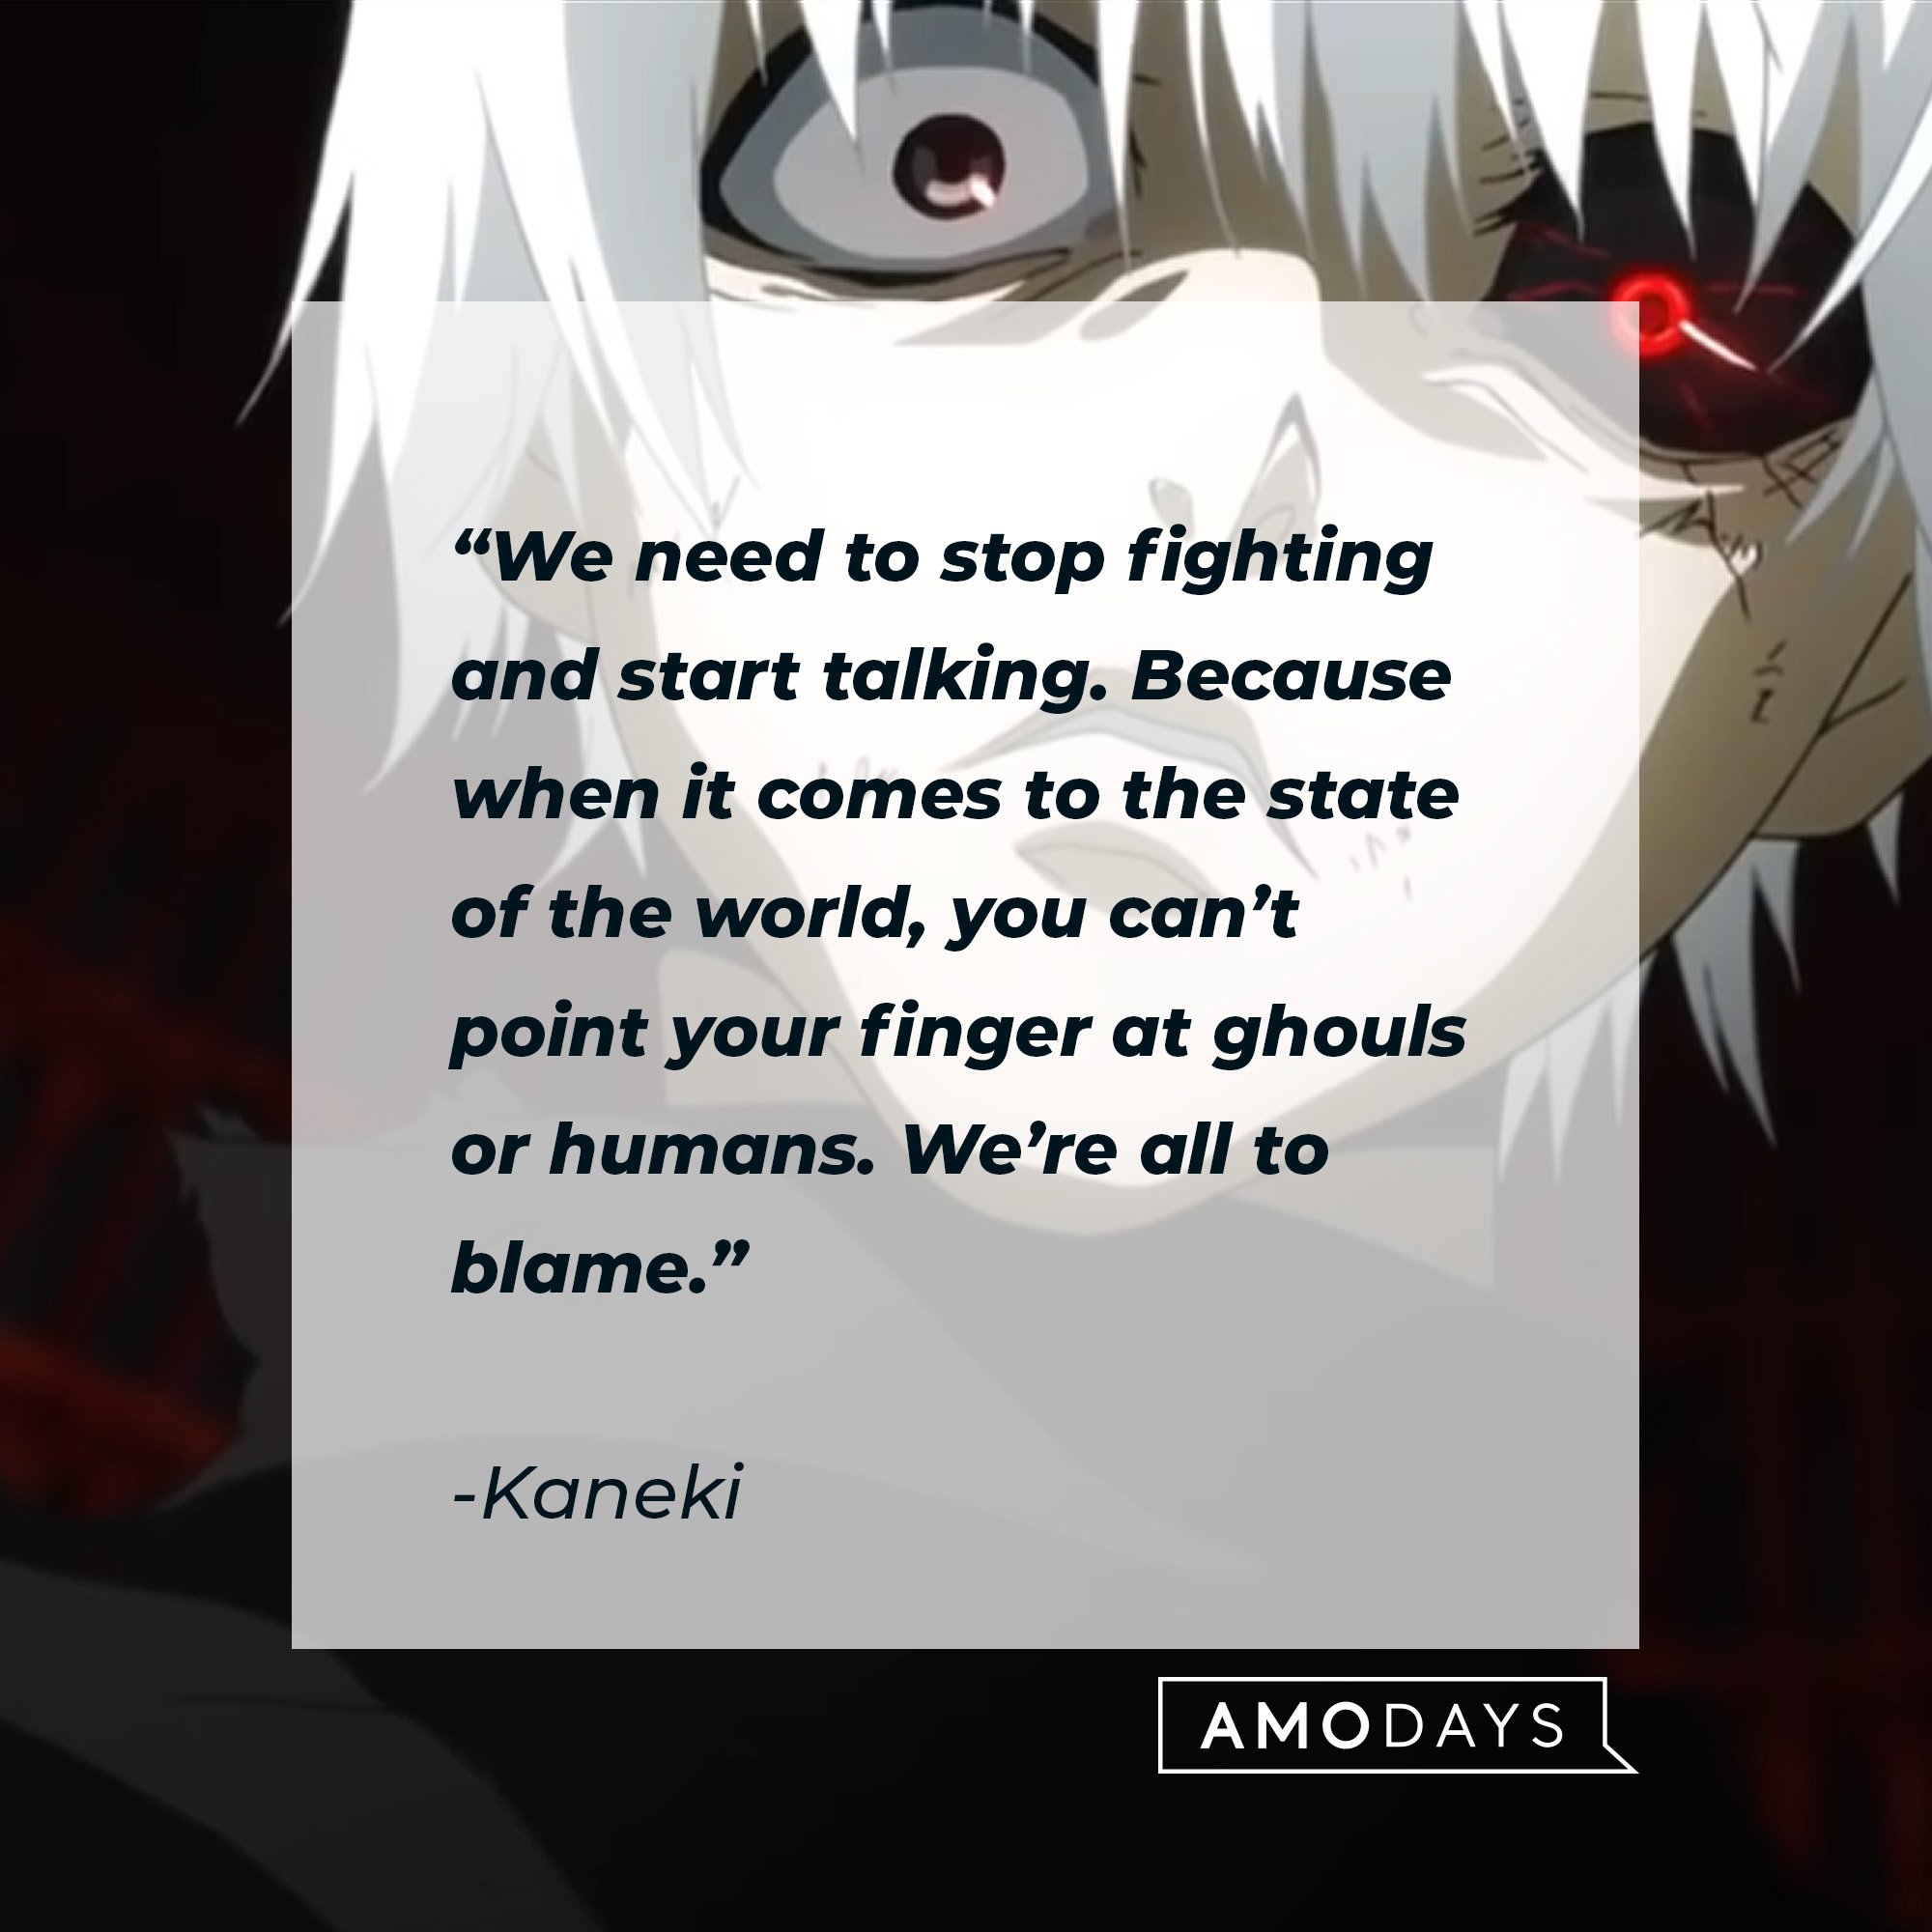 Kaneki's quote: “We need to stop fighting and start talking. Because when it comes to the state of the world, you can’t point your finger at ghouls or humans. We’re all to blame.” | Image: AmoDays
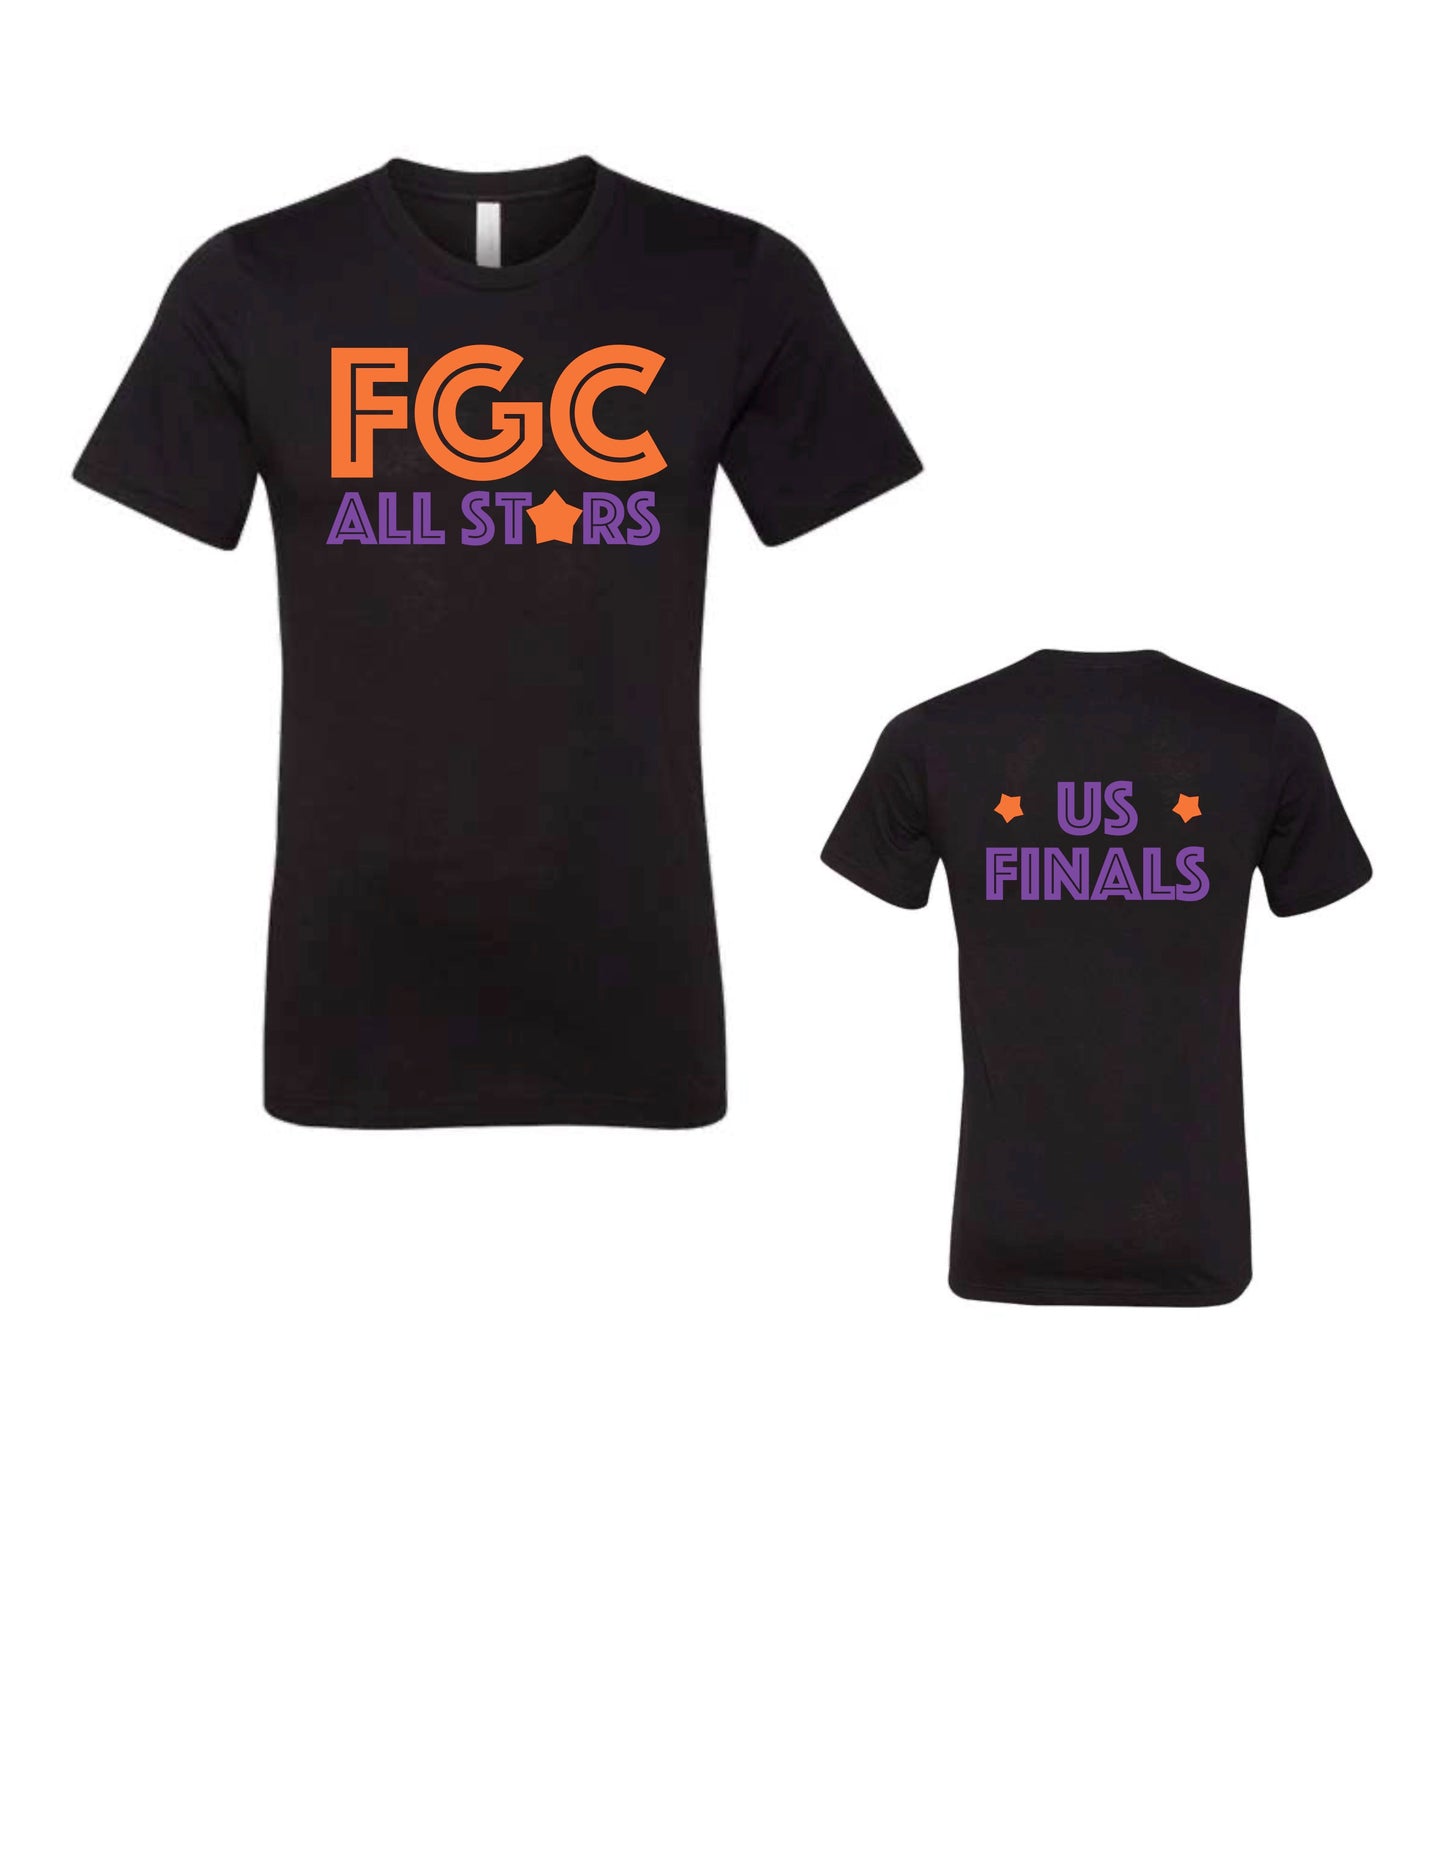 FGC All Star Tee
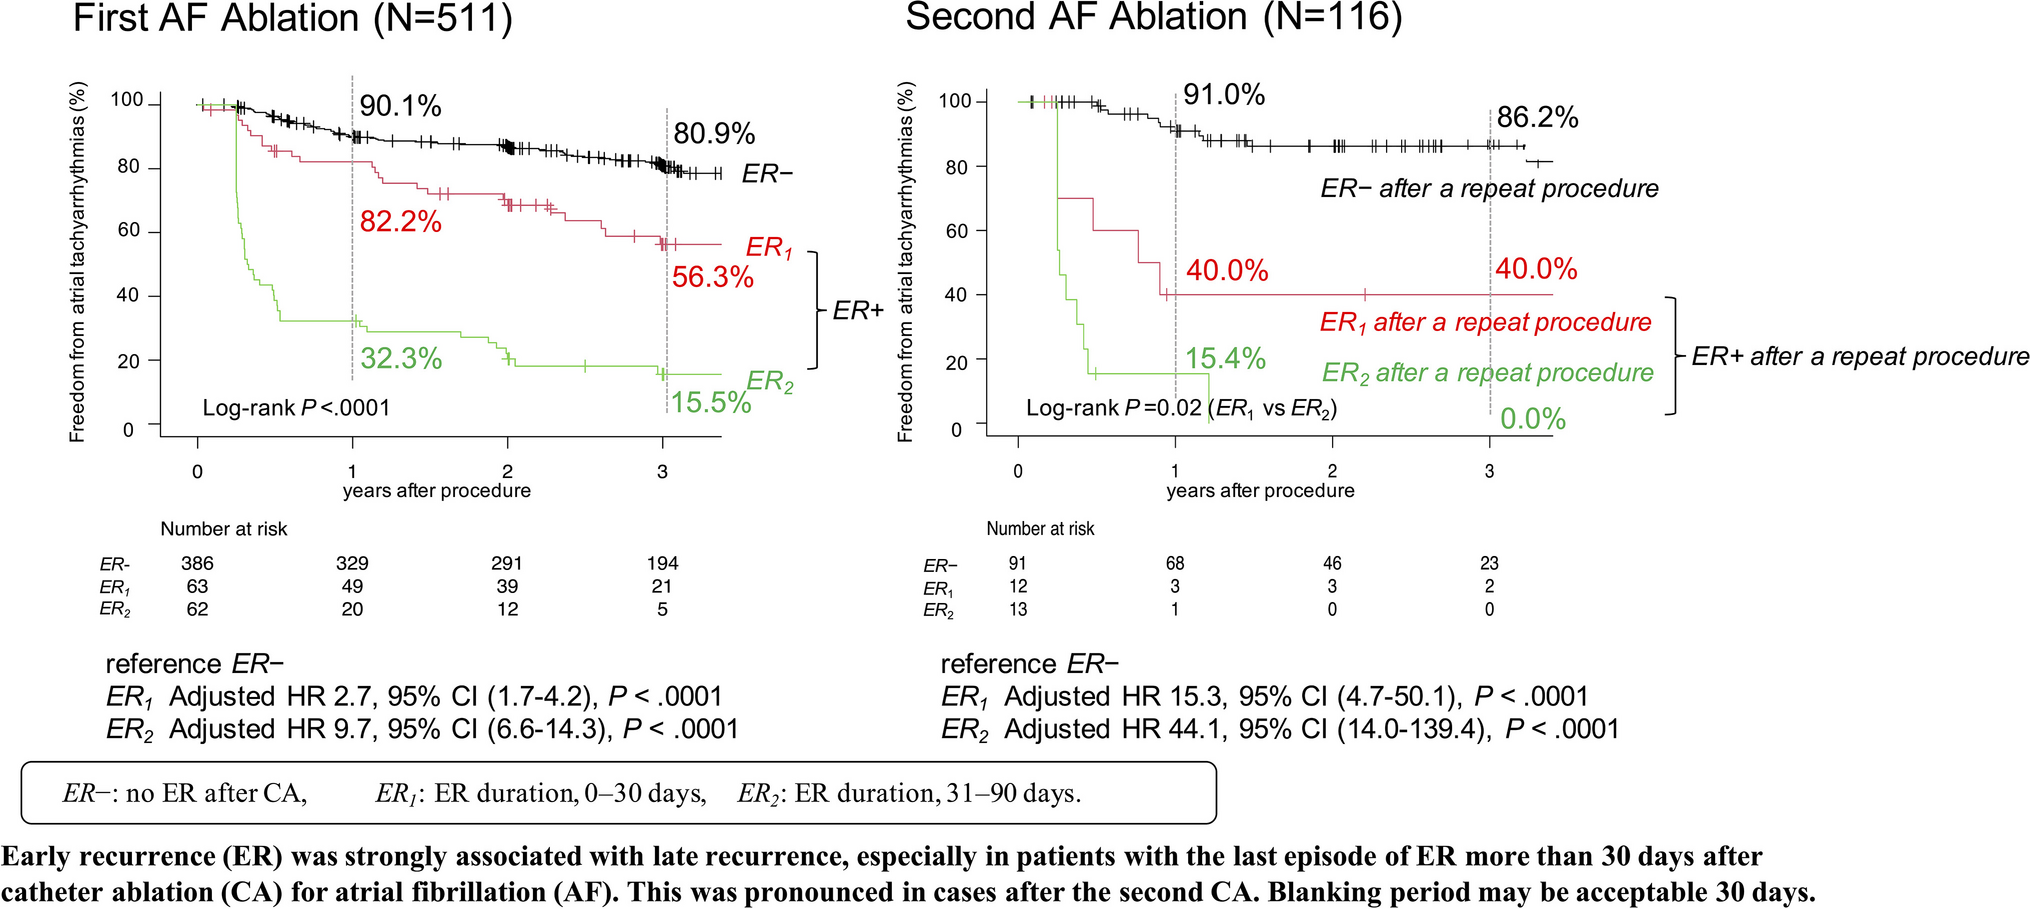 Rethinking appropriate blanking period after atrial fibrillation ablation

## PROBLEM TO WORK ON
Only the lines from the one containing "FGC All Star Tee" through the end of the data above are to be output, exactly and without pictures.

## ANSWER TO THE PROBLEM
 FGC All Star Tee
 Rethinking appropriate blanking period after atrial fibrillation ablation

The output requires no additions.